Ancient and Midrashic texts attempt to explain Joseph’s actions to his brothers and his father.  The Biblical text tells us that Joseph ‘was pretty person and pretty to look at’ (39:6). The exact words in Hebrew are only used one other time in the Bible regarding his mother Rachel. A Midrash says of Joseph that after he was promoted by Potiphar he said ‘Now I have to admit I’m doing fine’. (9) It continues that Joseph ‘became pretty [not was pretty] . . . was like a man sitting in the market place daubing his eyes and smoothing back his hair . . . and saying ‘I am quite the man’. The Testament of Joseph states ‘and He [God] gave me also beauty as a flower, beyond the beautiful ones of Israel’. (10) One Targum’s translation of Jacob’s deathbed blessing of Joseph (49:22), is ‘And when [the Egyptian sages] praised you [Joseph], the daughters of the rulers [of Egypt] would walk along the walls and cast down in front of you bracelets and golden ornaments so that you might look at them’. (11)  All these ancient texts suggest that Joseph was quite aware of his beauty and in some that he enhanced his looks.
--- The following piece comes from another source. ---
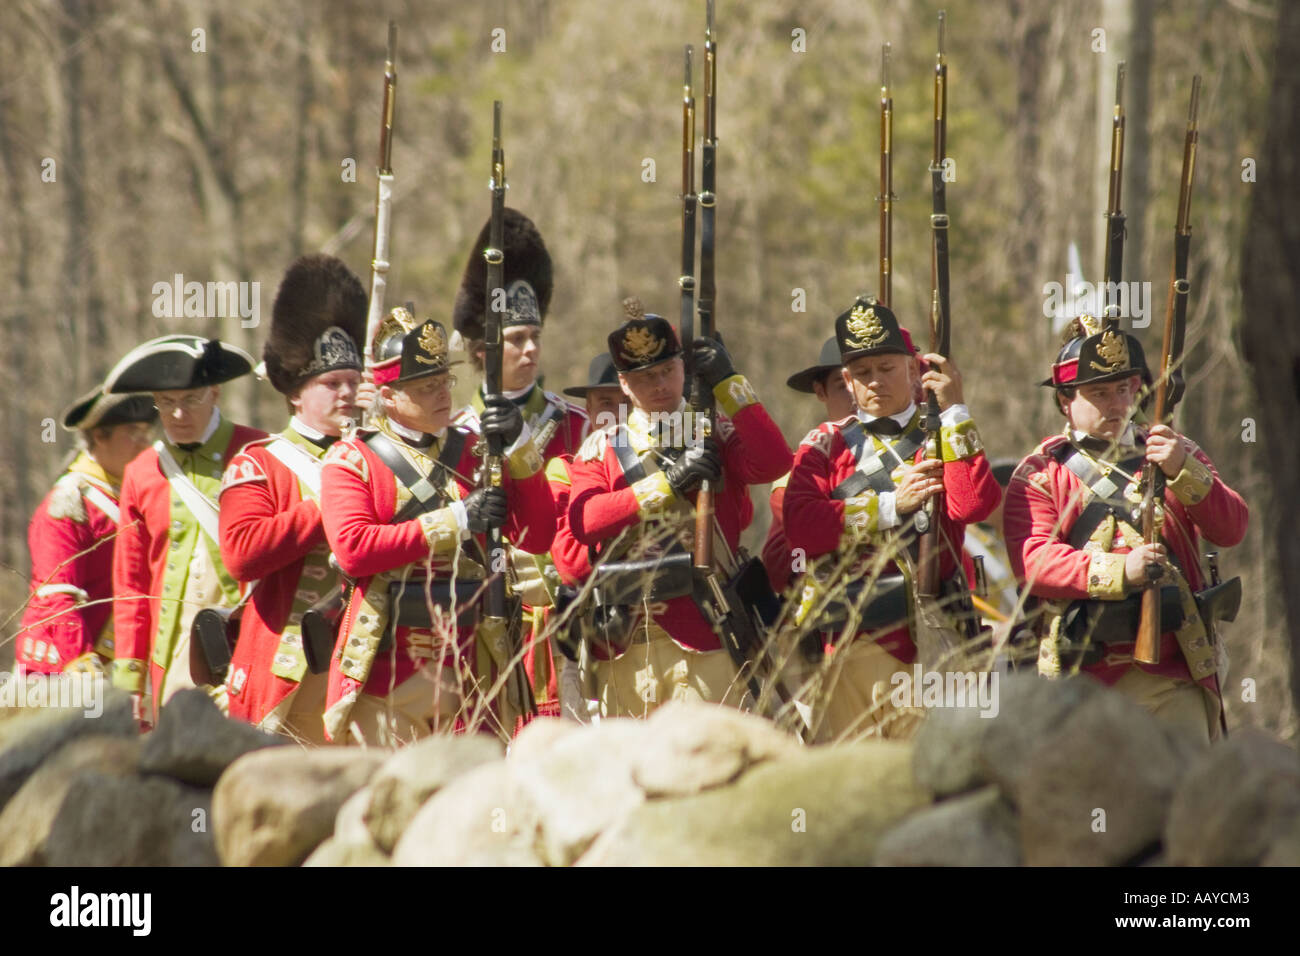 Attendre que l'armée britannique sur le front de bataille Minute Man National Historical Park Massachusetts Banque D'Images

That is precisely the ancient meaning of narcissism. (12)

(1) As suggested by Thomas Mann in ‘Joseph and his Brothers’ (London, Penguin Books, 1978).

(2)  Sternberg, Meir, The Poetics of Biblical Narrative (Indiana University Press, Bloomington, 1985)  pg. 161.

(3) Herbert, Joseph and the Surprising Choice of God, quoted in Fung, Y.W., Victim and Victimizer, JSOT, Sheffield, 2000, pg. 176.

(4) Turner, L.A., Announcement of Plot in Genesis, (JSOT, 96, Sheffield, 1990) pg. 162.

(5) Turner, pg. 162.

(6) O’Brien, The Contribution of Judah’s Speech to the Characterization of Joseph, CBQ, Vol. 59, #3, July 1997, pg. 445.

(7) Joseph names his first child Manasseh means 'to forget my hardship and my parental home' (41:51).

(8) Rabbi Simon bar Gamaliel said no one ever honored his father as did Esau, (Midrash Rabbah, Deuteronomy, Translated by J. Abramowitz, (Soncino, London, 1961) I-15, pg. 16-18.) That is why Esau is given priority when Jacob and he bury Isaac (25:9).

(9) Midrash Genesis Rabba 87:4.

(10) Testament of Joseph (18:4), quoted in Kugel, Tradition, pg. 69. In Islamic tradition Joseph and Ms. Potiphar named Zulaykha, is a perennial love story. During marriage ceremonies the story of love and beauty represented by Joseph and Zulayka is seen as divinely inspired. Even today Joseph is a great prophetic hero in Muslim topology.

(11) Targum Jonathan, quoted in Kugel, pg. 281.

(12) The Greek god-like narcissus looked at himself in the mirror of a river and fell in self-absorbed love with his own beauty.